Part 9

17 9 5
                                        

Aku sontak terbangun dari tempat tidur saat ada yang mengetuk pintu kamar ku. Sejujurnya aku malas membuka pintu mataku seperti digantungi batu bata, sangat berat untuk terbuka.

Terdengar lagi ketukan yang lebih keras

Astaga..ini kalo anak kosan yang mau minta uang kebersihan gak pikir dua kali langsung lempar sendal.

Saat membuka pintu jujur aku berdebar menemukan sosok itu. Aku masih mengingat dengan jelas saat dia memelukku malam itu. Walaupun sempat kaget akan aksinya tapi rasa nyaman yang hadir tak bisa ku elak begitu saja.

Rasa nyaman yang membuatku takut…

Aku masih mengamatinya saat dia mendorongku masuk beserta diriku dan menutup pintu agak keras.
Dia kenapa ? kayak panik gitu pikirku namun mengingat kondisiku saat ini gantian aku yang panik.

Mendorongnya keluar tergesa aku membanting diri dikasur dan membenamkan wajahku dibantal untuk berteriak.

“Duh bego banget sih, gini nih kalo bangun gak ngumpulin nyawa dulu. Bodo ah”

Aku masuk ke toilet untuk membasuh wajah yang saat kutatap di cermin menimbulkan ringisan, gak ada manis-manisnya kayak iklan air mineral

Segera mengenakan celana aku kembali ke depan cermin untuk menyisir rambutku dengan tangan agar lebih rapi. Menghembuskan napas sebelum kembali membuka pintu aku menahannya saat pak Elzar ehmm…saat Elzar ingin masuk.

Aku terus mengamatinya, tidak merespon tanyanya tapi saat dia menawarkan makan aku tidak bisa menolak. Saat kesebutkan apa yang kumau malah dia yang menolak. Lagipula di aini pemaksa, buat apa dia bertanya jika punya keputusan sendiri, dasar.

Saat duduk dalam dalam keheningan seperti ini, aku membenci kepalaku yang terus saja berisik ‘Andai keluargaku begini, andai keluargaku begitu…andai aku bisa lebih normal…’ dan pengandaian lainnya saat dia kembali bersuara disertai alunan musik merdu.

Lelaki ini..

Kamu..kenapa bersikap seperti ini ? kalau kamu terus saja seperti ini, jika aku jatuh siapa yang menolongku ?

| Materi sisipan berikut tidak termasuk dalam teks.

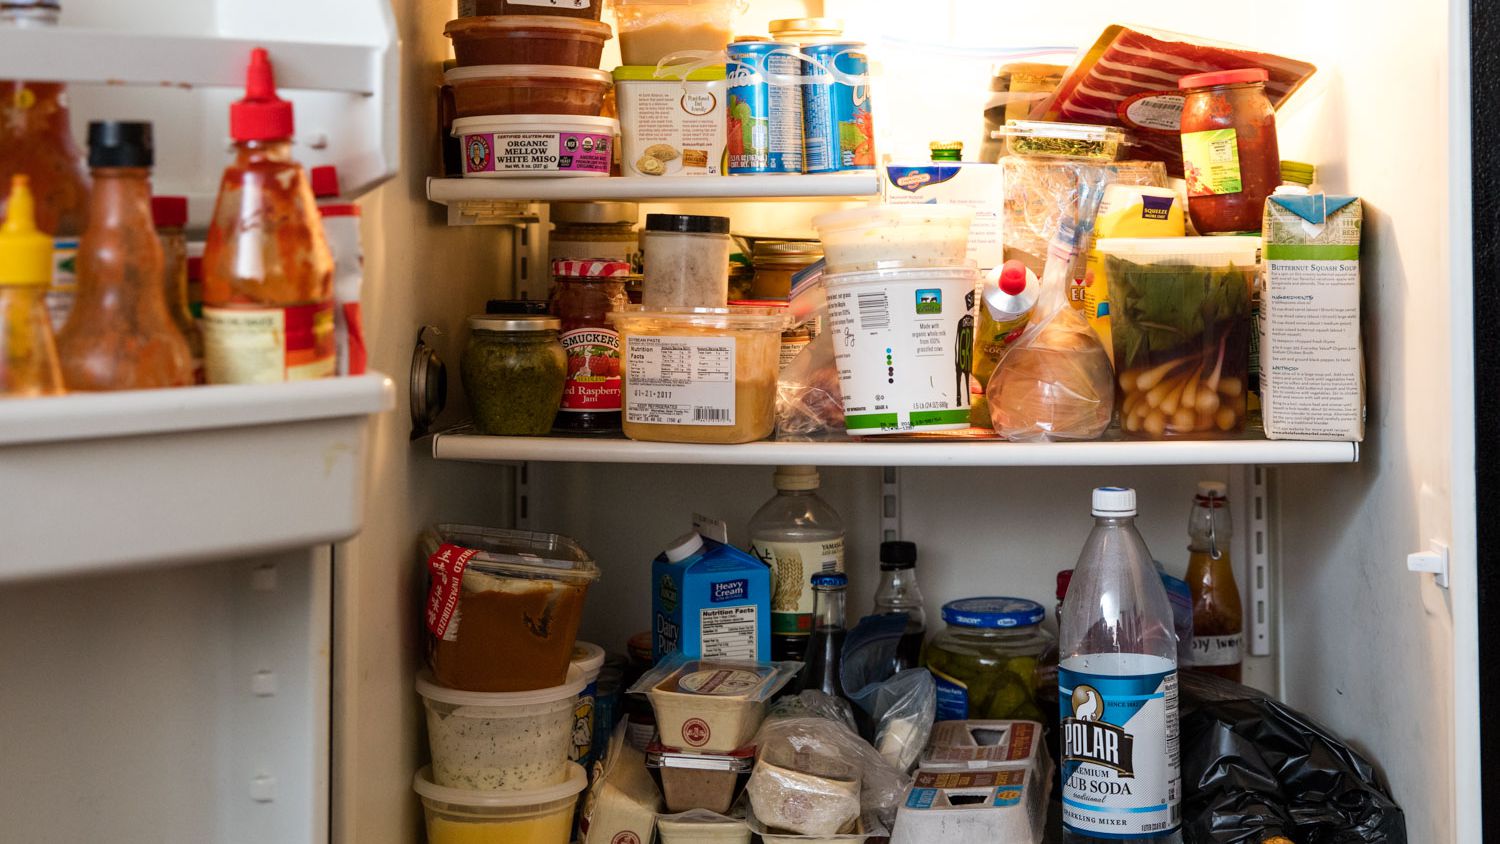 6 điều bạn không bao giờ nên làm khi vệ sinh tủ lạnh - Ảnh 1.

Aku memutuskan untuk mandi, seharian ini aku belum mandi dan sedang masa menstruasi aku meringis dalam hati memikirkan diriku yang jorok.

Saat kembali menghadapnya entah kenapa aku justru meliarkan pandanganku asal tidak tertuju padanya. Tidak melihatnya saja aku salah tingkah bagaimana kalau melihatnya, aku tidak ingin membuat diriku malu.

Setelah mandi dan berpakaian langsung dalam toilet aku keluar mengenakan piyama dengan handuk kecil yang menggulung rambut basahku.

Dia menatapku dengan tatapan itu lagi, sambil tersenyum dia mengajakku untuk makan di kamar kosanku yang kecil ini.

Sungguh aku sangat menahan diri agar tidak tersenyum melihat pizza, kentang goreng dan kawan-kawannya yang aku inginkan. Aku masih menahan senyum saat pikiran itu melintas kurang aja dalam kepalaku.

Aku jahat gak sih ? padahal dia sebaik ini..tapi aku cuma gak mau terluka suara hatiku mengganggu.

Gimana jika seandainya aku jatuh cinta dan dia meninggalkanku ? bagaimana jika seandainya aku jatuh cinta dan dia berkhianat ? bagaimana jika aku terjebak rasa cinta seperti yang Ibu alami? Dan darimana pula pikiran ini muncul ? Aku memang sangat sakit jika berpikir atasanku ini memiliki sedikit saja rasa yang berbeda untukku.

Jika boleh aku mengakui Elzar..atasanku ini sangat menawan dan tampan, aku takut jika tidak membatasi diri malah terjerat oleh pesonanya. Sikapnya yang berbeda hanya denganku membuatku merasa istimewa.